La investigación se dirige, en primer término, contra los negros que pueden ser cabecillas por ser los más notables. "Figuran en la lista", dijo Miguel Aldama entonces, "Manzano, Ble Rely, Plácido, Ceballos, Brindis y cuantos negros hay de algún viso o talento". También se dirige contra blancos, que por su oposición a la trata, o por su amistad con el Cónsul inglés, pueden intentar ayudar a los esclavos, o utlizarlos. Entre los más notables, encontrábanse Luz Caballero, Del Monte, Félix Tanco, Benigno Gener, Manuel Martínez Serrano y otros. Y se vigila muy de cerca a los que simpatizan con los norteamericanos. Unos y otros son considerados como enemigos de España.

En el proceso criminal, iniciado en enero de 1844, no se buscaba a los participantes en las sublevaciones de Sabanilla, meras protestas de esclavos como tantas otras habidas en Cuba desde los primeros tiempos de la colonización. Ni a los comprometidos en la conspiración inventada por Oviedo. Se buscaba, si, a los que habían estado en tratos con ingleses o nortemericanos para lograr la independencia o la anexión. A los que luchaban o podían luchar por la supresión de la trata y la abolición de la esclavitud, cuyo mantenimiento consideraba el Gobierno de vital importancia para el bienestar de los negreros y la conservación del régimen colonial. Más que todo, queríase matar o inutilizar a cuantos hombres parecieron peligrosos. En este sentido, es evidente con cuanta razón dijo Fransisco González del Valle aludiendo a la muerte de Plácido: "El Gobierno de O’Donnell sabía que no mataba al jefe, en Matanzas, de la conspiración de los negros contra los blancos, pero si a un poeta que con su lira había ensalzado la libertad y condenado la tiranía".

Todo esto permite afirmar, que en el proceso judicial en que se empleó una escalera como medio de tortura, no se trataba de descubrir una nueva conspiración, sino los fracasados planes concebidos por David Turnbull y sus amigos.
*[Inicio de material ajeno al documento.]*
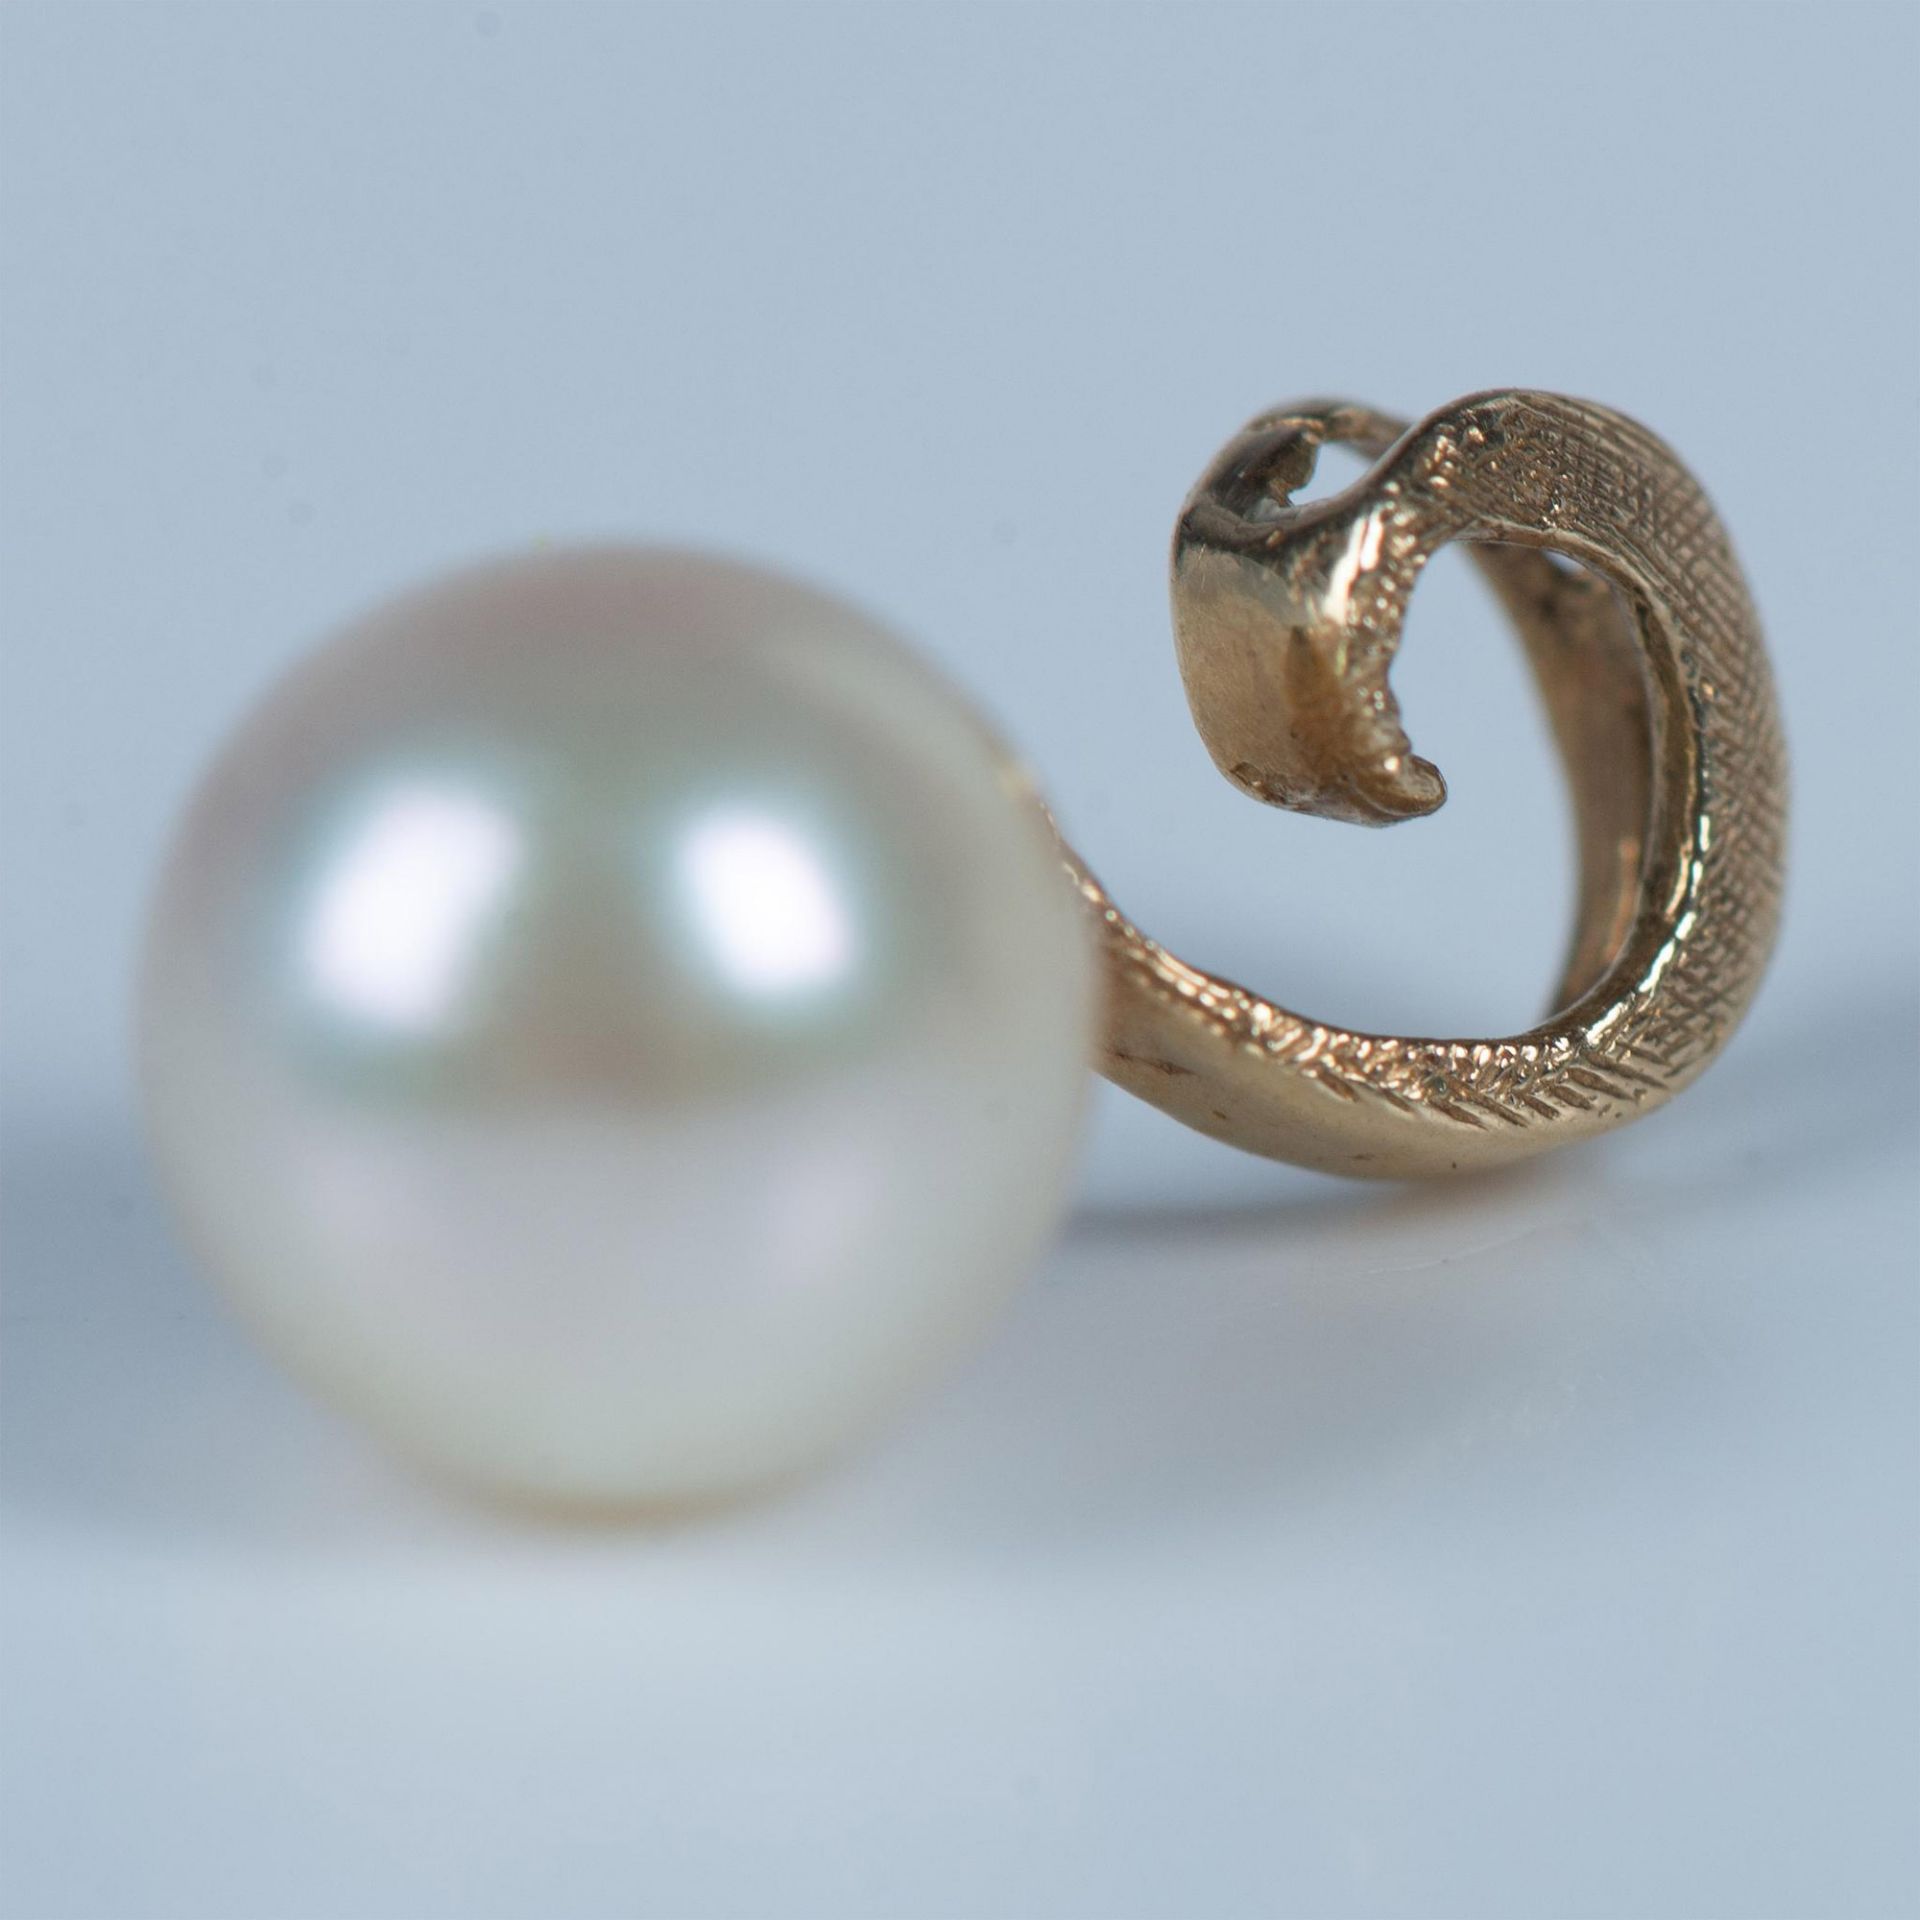 Petite 14K Gold and Pearl Pendant - Image 4 of 5

Que Cerice, Flores, Plácido y otros no fueron, para los jueces, sino individuos que el Gobierno quiso "suprimir" o "liquidar" después de obligarles a declarar cuanto podía servir de pretexto para dirigir el procedimiento contra determinadas personas cuya culpabilidad no se podía probar de otro modo.

Si la represión fue, en cuanto a negros libres y esclavos, tan excesiva que hasta el propio Gobierno Central la tuvo a mal, débese esto a que funcionarios venales quisieron aprovechar la oportunidad para enriquecerse traficando con las órdenes de prisión y las sentencias absolutorias, en Matanzas mucho más que en La Habana. Según se ha dicho, "las víctimas eran escogida entre la clase de color acomodada, poniendo a cada grupo por guías y cabezas aquéllos que gozaban de renombre por sus sobresalientes aptitudes".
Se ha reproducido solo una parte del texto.